Let $$X = \{11, 12, 13, \ldots, 40, 41\}$$ and $$Y = \{61, 62, 63, \ldots, 90, 91\}$$ be the two sets of observations. If $$\bar{x}$$ and $$\bar{y}$$ are their respective means and $$\sigma^2$$ is the variance of all the observations in $$X \cup Y$$, then $$|\bar{x} + \bar{y} - \sigma^2|$$ is equal to

Let $$X = \{11,12,13,\ldots,40,41\}$$ and $$Y = \{61,62,63,\ldots,90,91\}$$. Both sets contain $$31$$ elements, so the total number of observations in $$X \cup Y$$ is $$n = 62$$.

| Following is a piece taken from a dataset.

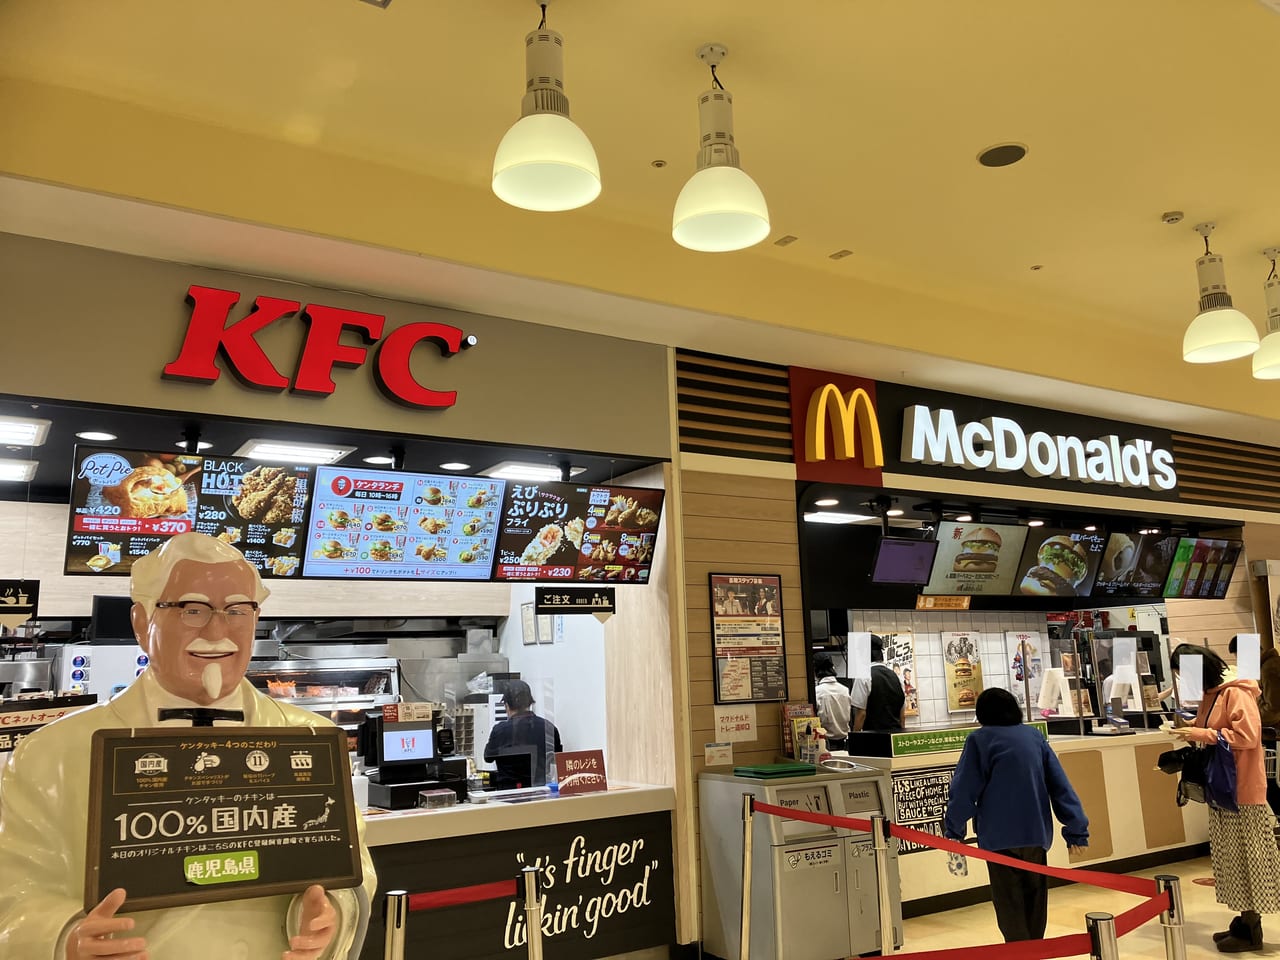 KFC MAC

The mean of $$X$$ is $$\bar{x} = \frac{11 + 41}{2} = 26$$ and the mean of $$Y$$ is $$\bar{y} = \frac{61 + 91}{2} = 76$$. Hence the combined mean of $$X \cup Y$$ is $$\mu = \frac{31 \times 26 + 31 \times 76}{62} = \frac{26 + 76}{2} = 51$$.

To find the variance $$\sigma^2$$, we compute $$\frac{1}{n}\sum (x_i - \mu)^2$$ over all observations.

For elements of $$X$$, as $$k$$ ranges from $$11$$ to $$41$$, $$(k - 51)$$ ranges from $$-40$$ to $$-10$$, so $$\sum_{k=11}^{41}(k-51)^2 = \sum_{j=10}^{40} j^2 = \frac{40 \times 41 \times 81}{6} - \frac{9 \times 10 \times 19}{6} = 22140 - 285 = 21855$$.

Similarly, for elements of $$Y$$, as $$k$$ ranges from $$61$$ to $$91$$, $$(k - 51)$$ ranges from $$10$$ to $$40$$, and one similarly finds $$\sum_{k=61}^{91}(k-51)^2 = \sum_{j=10}^{40} j^2 = 21855$$.

It follows that $$\sigma^2 = \frac{21855 + 21855}{62} = \frac{43710}{62} = 705$$.

Hence $$|\bar{x} + \bar{y} - \sigma^2| = |26 + 76 - 705| = |102 - 705| = \boxed{603}$$.